Hooper asked, “What did you do, Harry? You did something they want to hold you for. How did you know about the attack, really? Because you were absolutely right.” As the baskets turned to bonfires, staff threw precautionary dashes of water. Hooper smiled at the scene. “Remember being kids the first time we were here? The fireworks, the fireflies? Lord, we had fun. I always wondered why the Japanese didn’t kick you out. Now I wonder why they won’t let you go. Got a cigarette?” Harry tapped out a couple and gave one to Hooper, who spit loose tobacco toward the fire and gazed at the flames. “Remember, you once bet me five dollars you could get a fish in and out of a sake bottle without breaking the glass, then you switched the fish with an eel. In and out, slick as butter. The high cost of education, you said.” He pulled Harry close enough to whisper. “I used that trick the whole summer. Made fifty dollars. Thought my old man would have a stroke.”

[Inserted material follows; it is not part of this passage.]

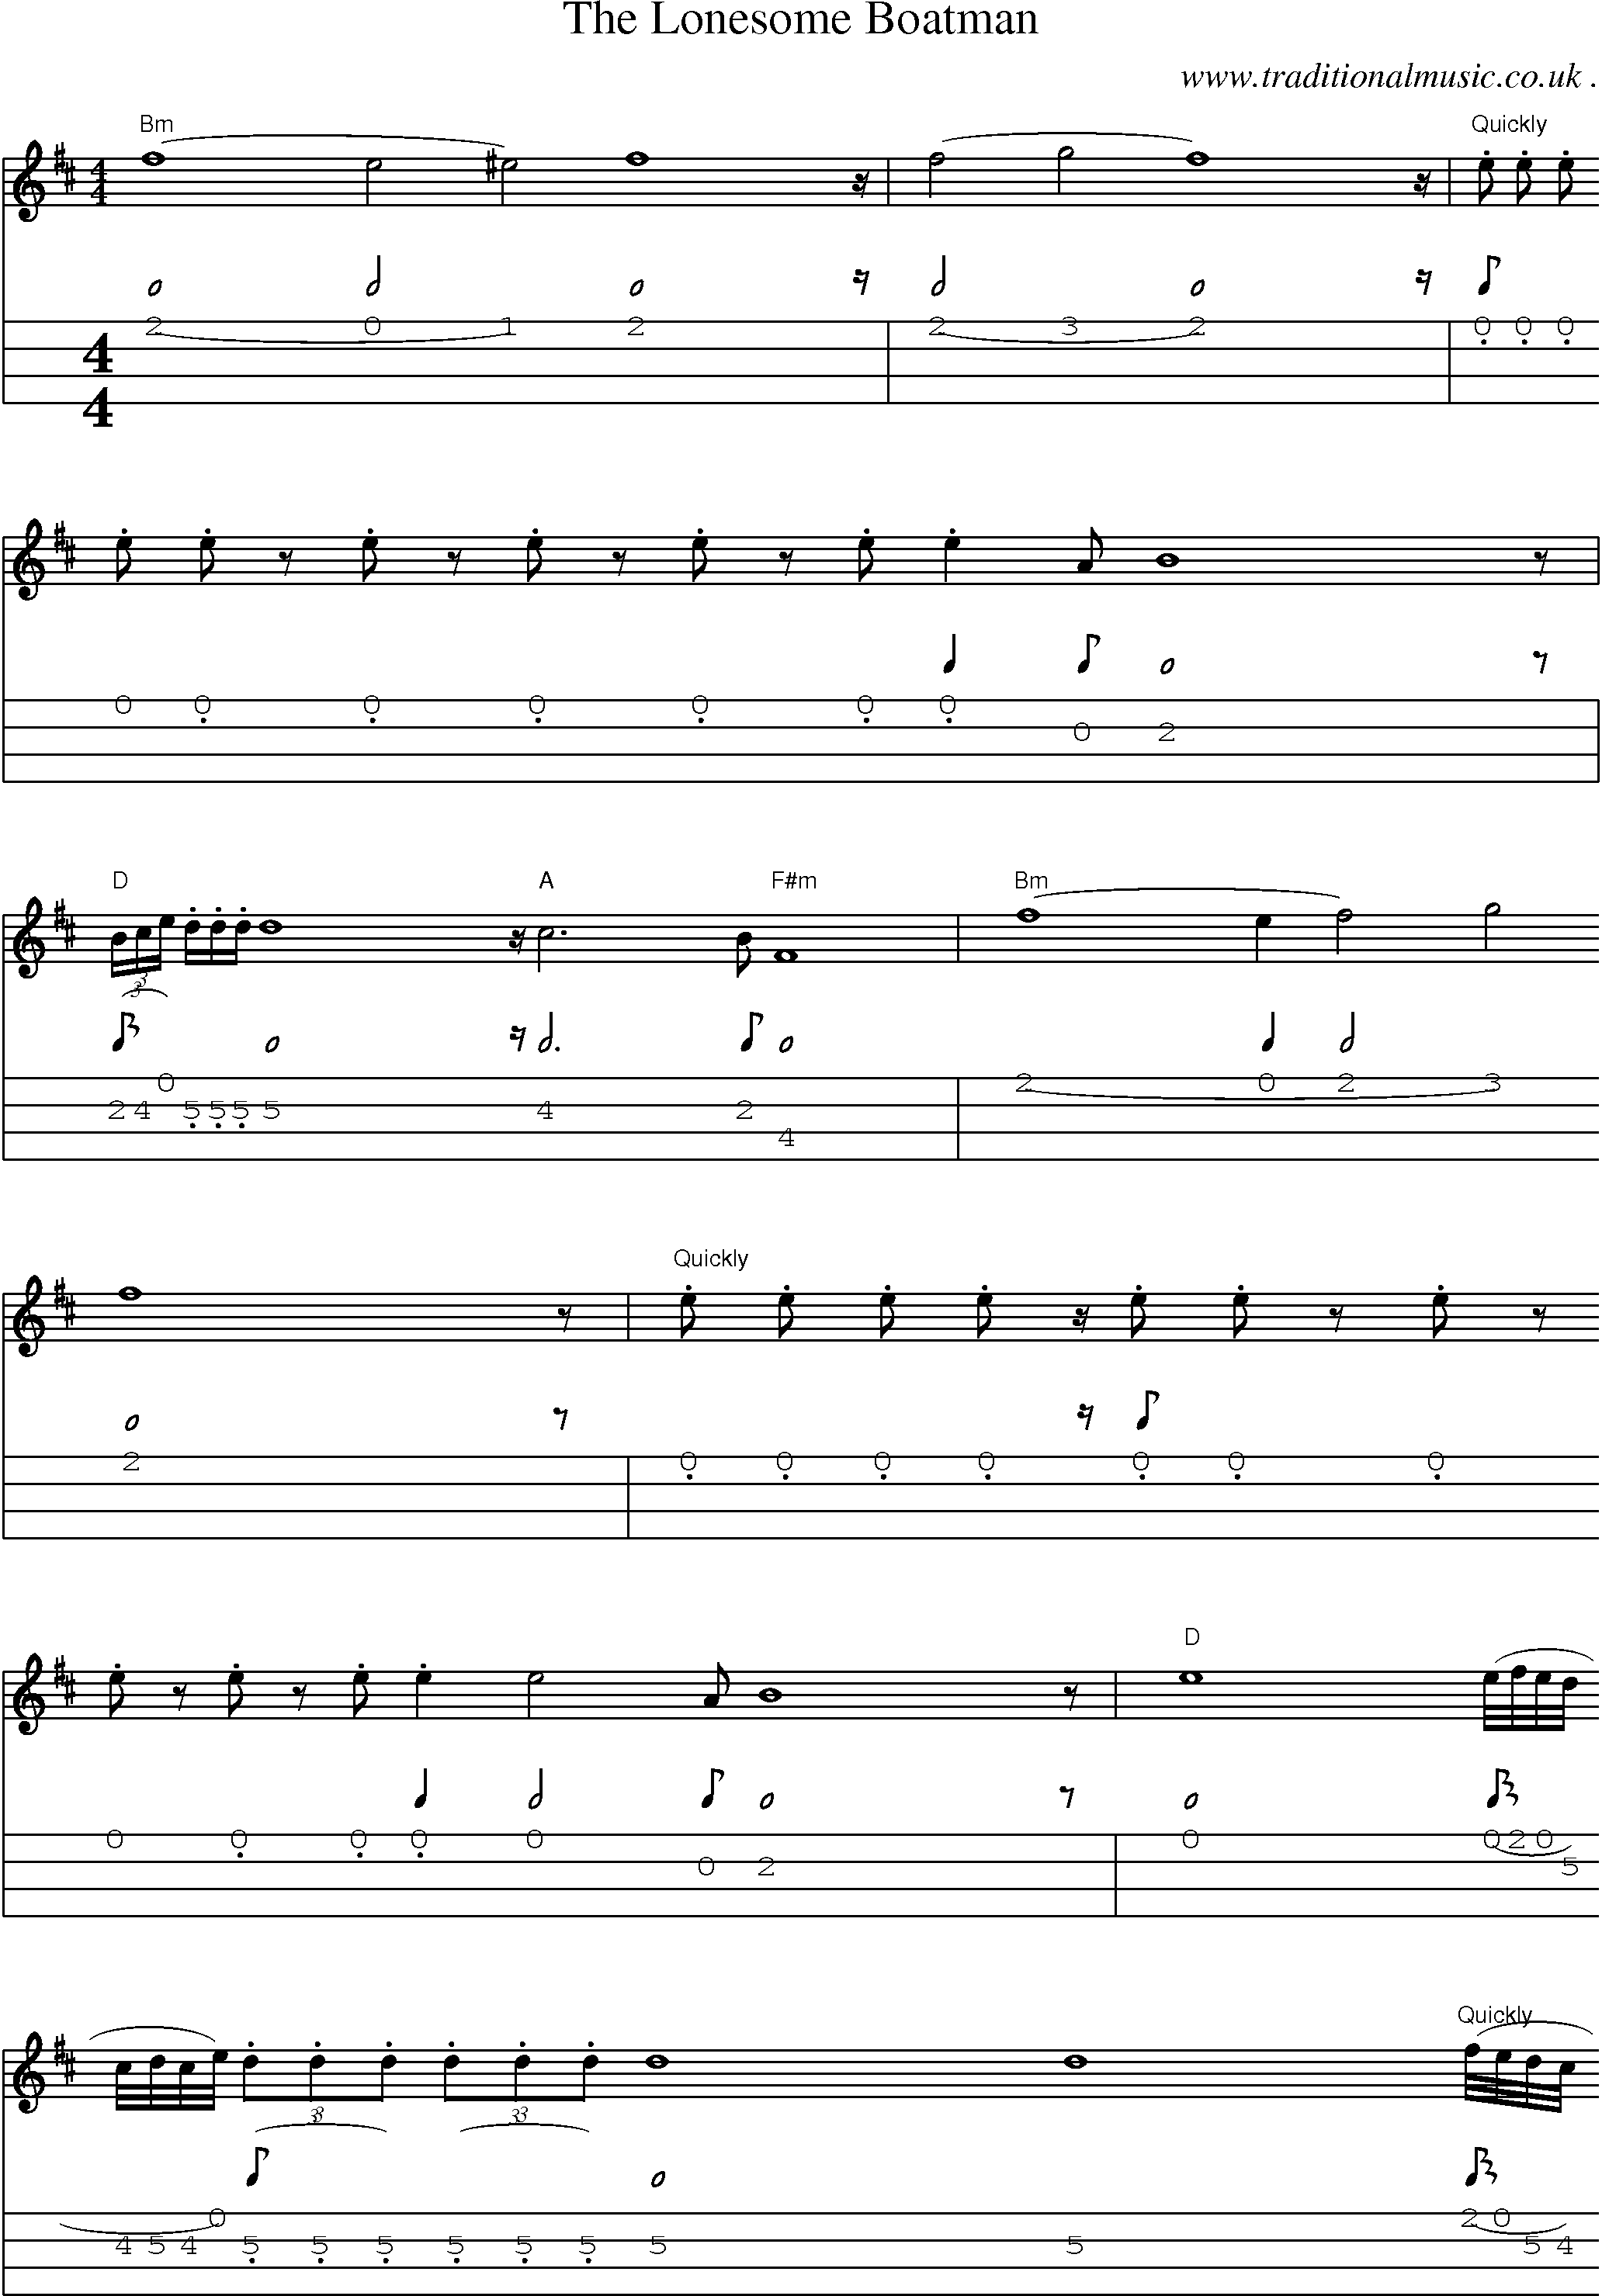 Sheet-Music and Mandolin Tabs for The Lonesome Boatman

In and out like an eel in a bottle? Not a bad trick, Harry thought. He wished he could do it now.

“I’ll miss you, Harry,” Hooper said.

“See you, Hoop.”

Which wasn’t likely, both men knew.

Hooper went back to the delicate task of incinerating papers in a closed room, but he got inspired before Harry cleared the door. “The reason they want you is that you screwed them, didn’t you? Somehow you screwed them.”

HARRY GATHERED MICHIKO at the café, and they walked back toward the car, a stylish couple on a sunny day, ignoring the constant bombardment of military music from loudspeakers.

“So, I’m set,” he said. “They figure one month, two at the most, and they’ll ship us home on the President Cleveland. They’ll put me in steerage, but I’ll start a card game and make a fortune. Serve them right. What about you? I’ll get back here as soon as I can, but you’ll want to do something in the meantime.”

“During the war?”

“That’s right.”

“Don’t you think it will be over soon?”

“I wouldn’t bet on it.”

She edged infinitesimally closer, tantamount to touching. “I’ll wait.”

“But what will you do?”

“That is inconsequential. I’ll be here.”

They walked for a while.

“Okay.”

The street was like Park Avenue, with plane trees and canopies and people with little dogs, so Harry was unprepared for a fracas as the American manager of First National City was hustled out of his apartment house and into a car full of military police in plainclothes. He waved and shouted, “Hey, Harry, stand me a drink now?” The attention of the Kempeitai turned to Harry. Of the different arms of the law a person could be seized by, the Kempeitai were the worst. The officer in charge had a face that was creased down the middle with the sides slightly mismatched.

“Identity papers? American? We’re taking in all Americans.”

“You may want to radio in my name.”

“Why would I bother?”

“You may.”

The officer pressed Harry against the marble facing of the building. He riffled through Harry’s papers, then again, and took them to the radio operator in the car. It wasn’t the big punch you saw coming that hurt you, Harry thought, but the little punch you didn’t see. The officer returned and nodded toward the sound of the loudspeaker.